March 31, 2003
Massachusetts has a budget deficit estimated at $3 billion. How did this happen?
In the 1990s, rapid economic growth and a booming stock market created a temporary spike in state revenues. The legislature and the voters (through ballot questions) responded by repeatedly cutting the income tax and offering businesses sizable tax breaks. The campaign for the largest of these tax cuts argued that we could have a billion dollar tax cut ?without cutting a single program.? Overall, taxes were cut by about $3.7 billion. During the same period, the legislature exhibited strong fiscal discipline on spending. Between 1991 and 2002 state spending dropped from 9.4% of personal income to 9.1%. By the year 2000, after a decade of cutting taxes and limiting spending, Massachusetts ranked 44th in the nation in total state and local taxes and fees as a share of personal income only six states had a lower total burden.
If spending didn't cause the crisis, should cuts to essential services be the solution? Slashing education, health care and other essential programs is not the only option.

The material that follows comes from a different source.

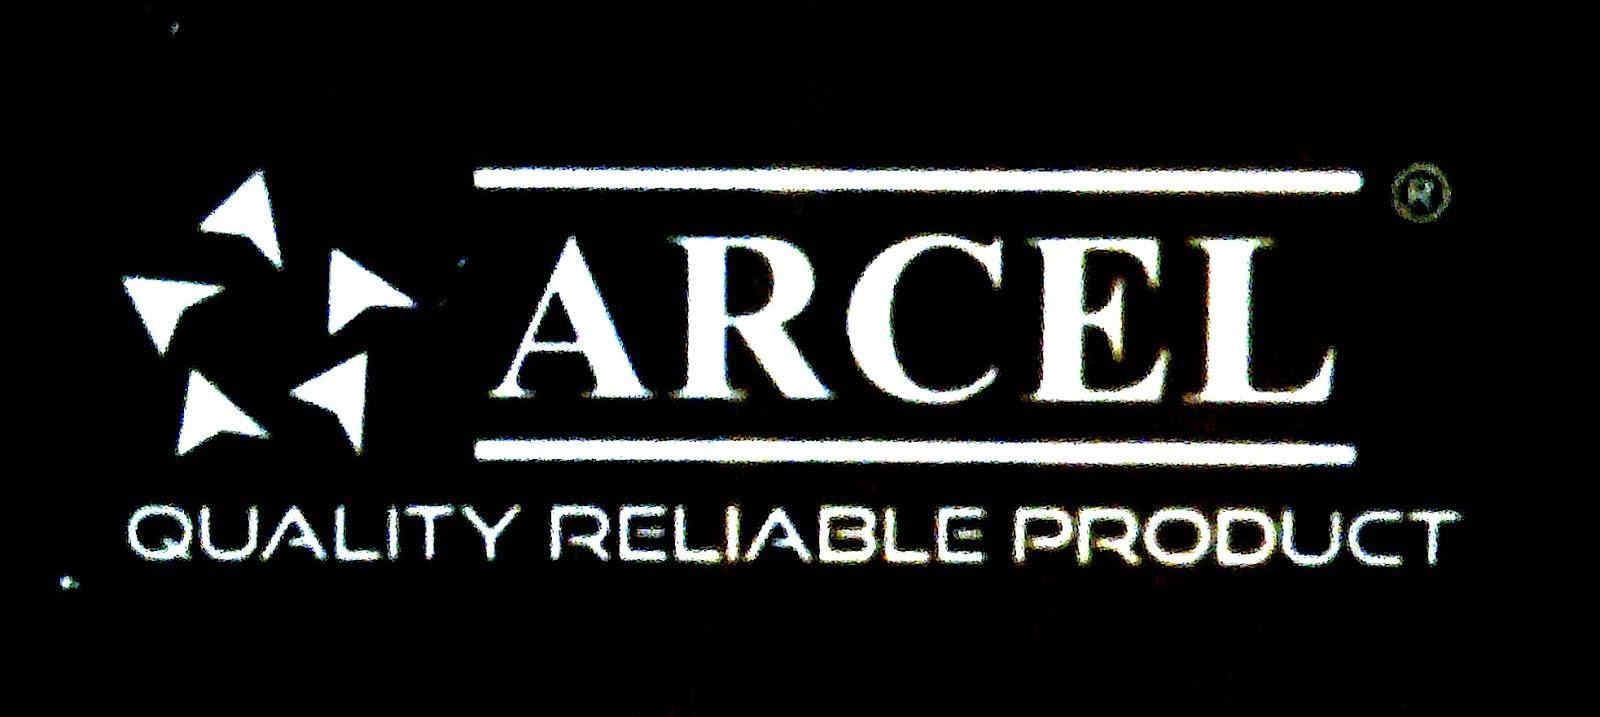 Arcel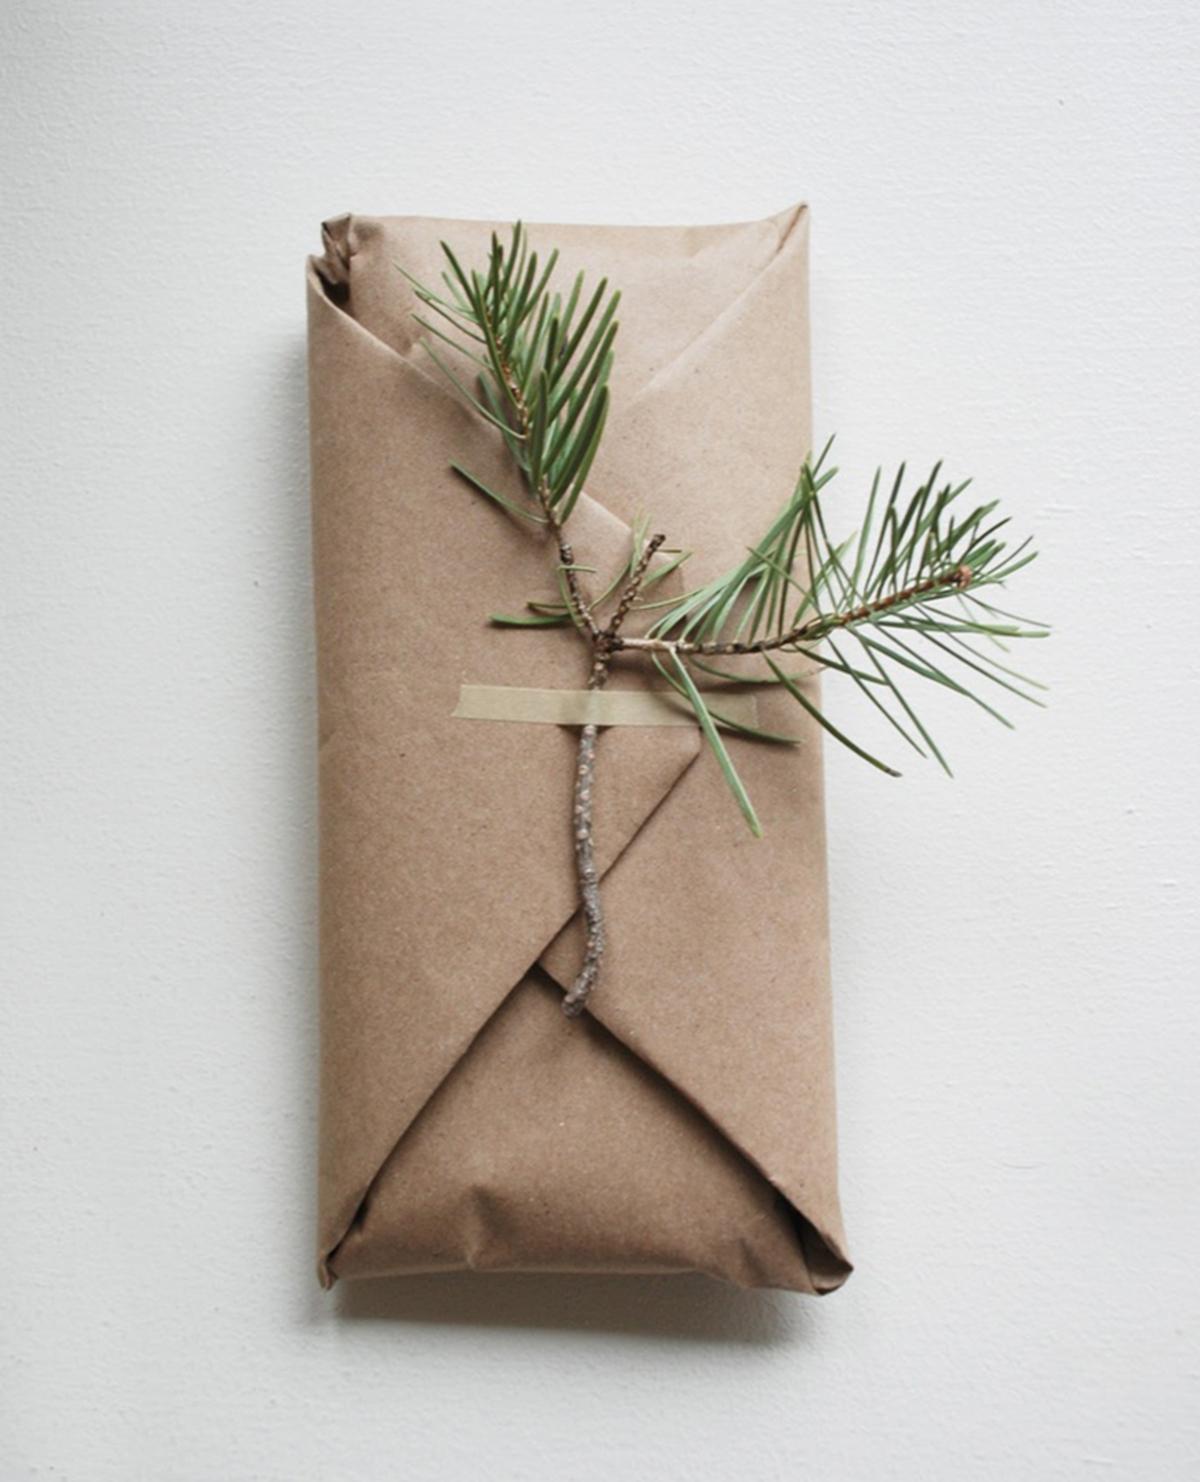 Beau paquet cadeau

- Restoring the income tax to the 5.95 percent rate in effect through most of the 1990s would raise just over a billion dollars and make most of the painful cuts unnecessary. Did the 5.95 percent tax rate of the 1990s constitute more of a crisis than the education and health care cuts now being proposed to pay for that tax cut?
- Closing corporate tax loopholes could restore up to $400 million in state revenue. In 1968 the corporate income tax provided 16 percent of state tax revenue. Now it provides 4 percent. In 2000, one-third of the largest companies in the state paid less in income taxes than the average taxpayer. Closing tax loopholes by instituting combined reporting could generate up to $200 million. Repealing specific corporate tax breaks, like single sales factor apportionment, could save up to another $200 million.
- Increasing the sales tax one percentage point would generate $700 million. As a share of personal income, Massachusetts now has the lowest sales tax of the 45 states that have a general sales tax. While the sales tax is generally regressive, Massachusetts does exempt food, rent, and most clothing and medical expenses.
There is no easy solution to the fiscal crisis. But it is important to look carefully at the causes of the crisis and to consider seriously all options for solving our problems.